So this post is for the SA Bloggers who would like to make some decent money from their blogs on the side. I know that this is not everyone, as there are some people who would prefer not to get involved with corporations or marketing. And yes, I'm aware that dollar-blogging has its critics.

They're not all bad guys

The corporate marketers that I've chatted to have done their research. They are clued up about the advantages, risks and best-practices around the blogosphere. They're not here to dictate the message, in fact they're looking for people who can maintain their credibility with their audience over time. i.e. people with opinions.

The Aggregators

Another thing that I've noticed at most of these meetings is printouts from Amatomu and Afrigator of the top bloggers in the various categories. One wise marketer even had a printout of the most active users on Muti!

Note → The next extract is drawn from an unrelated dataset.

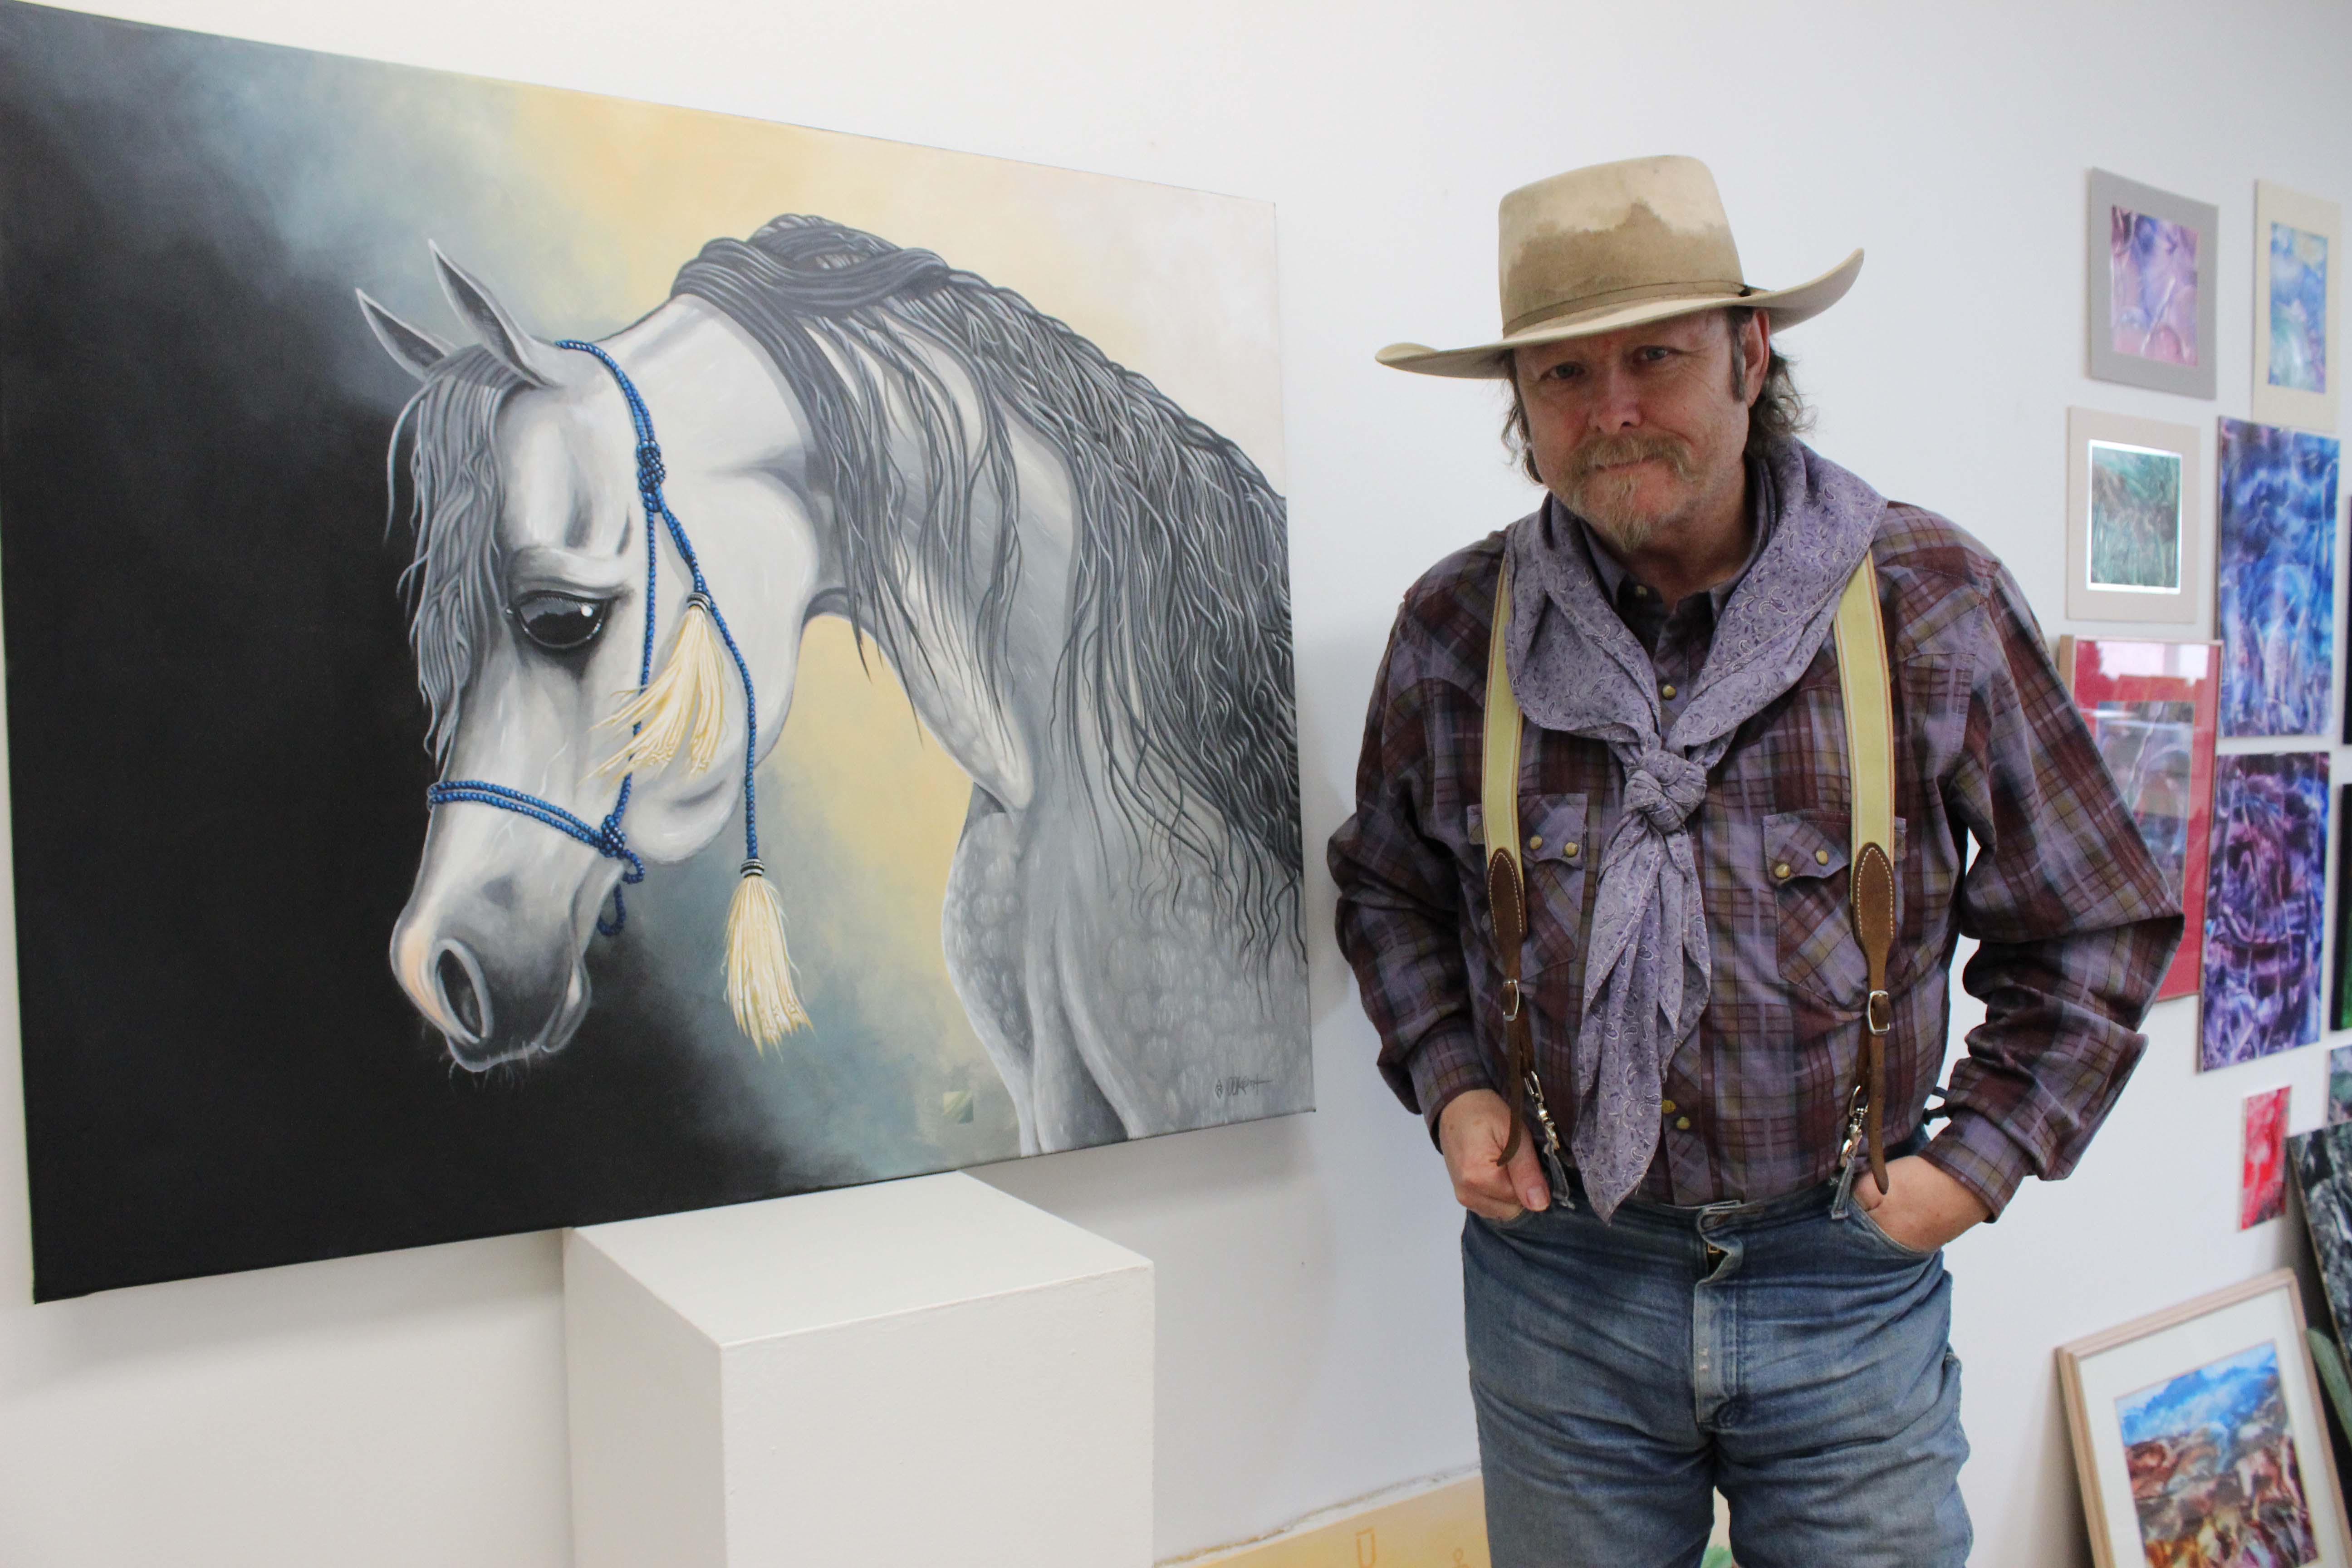 â€˜Diamond' Doug Keith shows a painting of an Arabian horse he created as a gift for his therapist.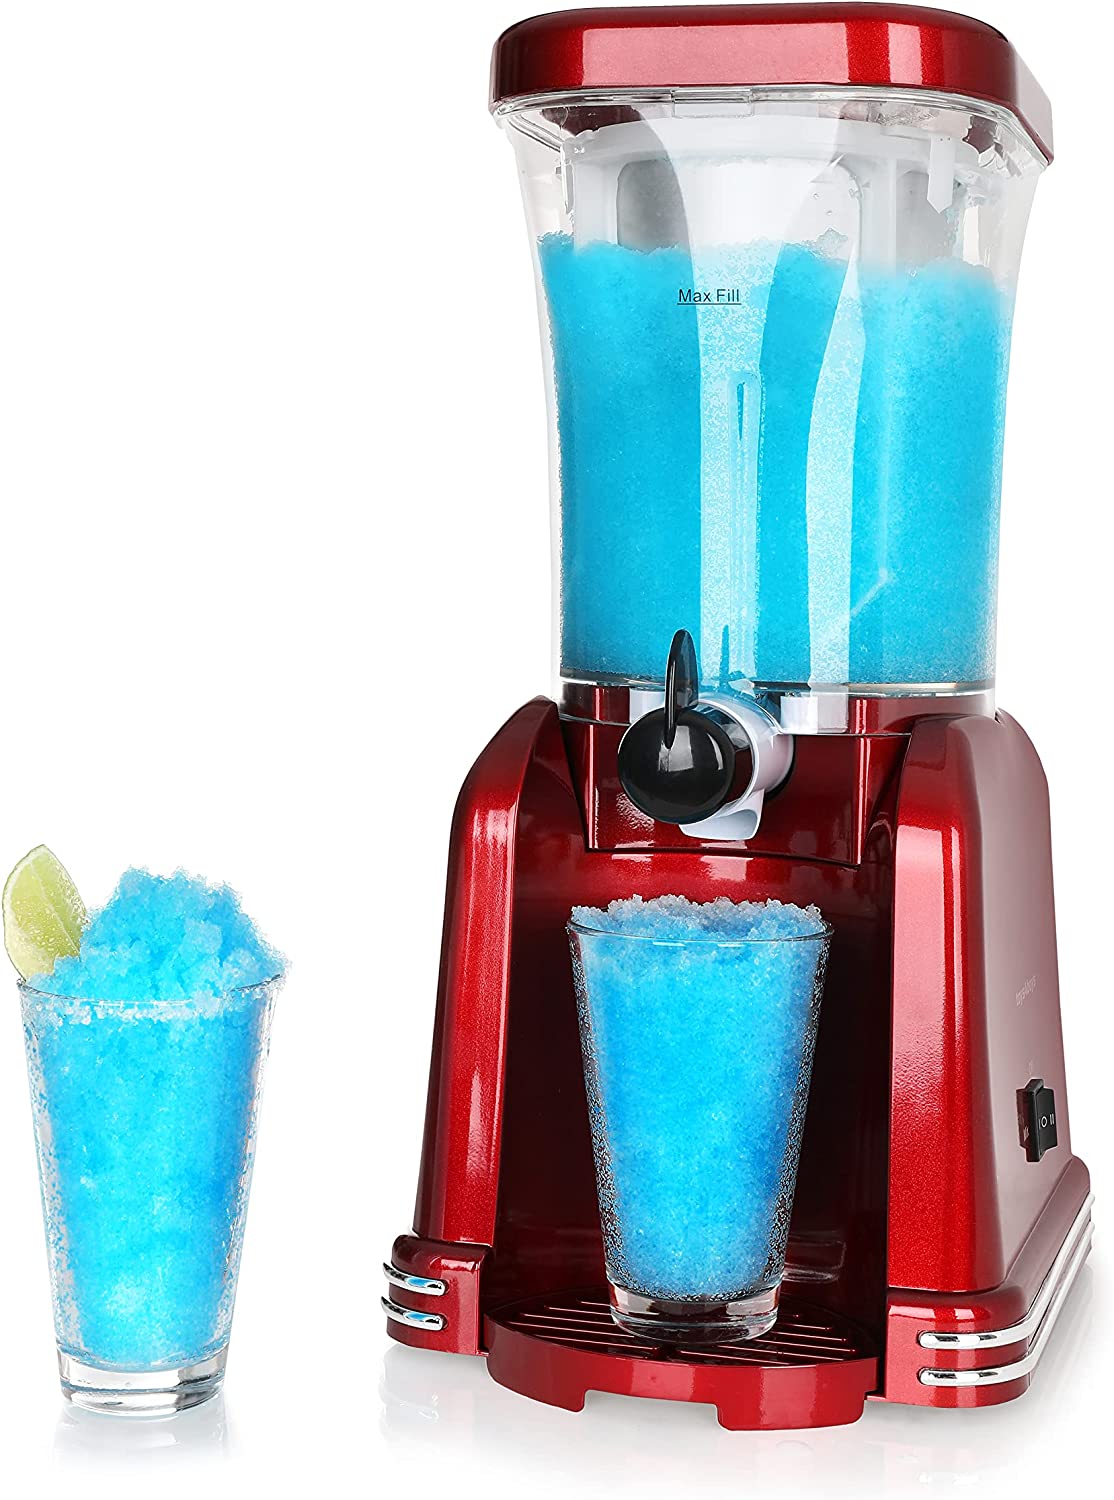 Toys4Boys Frozen Slushy Maker Slush Machine for Home Ice Cream Maker Granita Machine Ideal Gift for Children\'s Birthday, Party, Anniversary, Summer Party, Wedding and Many Other Occasions.

So these things count, your rankings count.

Media Buyers

So how can you engage?

  • Well, obviously the first step is to get more serious about your blogging. Do it regularly and often. Choose good headlines and participate actively in the community.

  • Choose your subject carefully and stick to it. Media buyers are looking for relevance and a specific audience.

  • Use Google Analytics to track your stats. This is useful because it's a standard analytics package that media-buyers can use as a reference. You can also give them login access to view the information live and unedited, which increases trust.

  • Be professional. Brand managers typically don't want to be associated with crudeness, no matter what kind of traffic you're getting.

  • Have a rate card. Know what your real-estate is worth.

  • Don't use mainstream online media as a pricing reference, you can charge a higher CPM as a blogger because of the relationship value and feedback mechanisms offered by blogs.

Besides Advertising

There are other ways to make money from your blog:

  • Research: If you can help with surveys, or get comments and feedback from your users about a particular question, then this would perhaps be an even better investment by marketers. Good qualitative research doesn't come cheap.

  • Campaign Strategies: As experienced as these marketers are, the world of Social-Media and the blogosphere is completely new to them. There's much demand for people who can make this space simpler to navigate.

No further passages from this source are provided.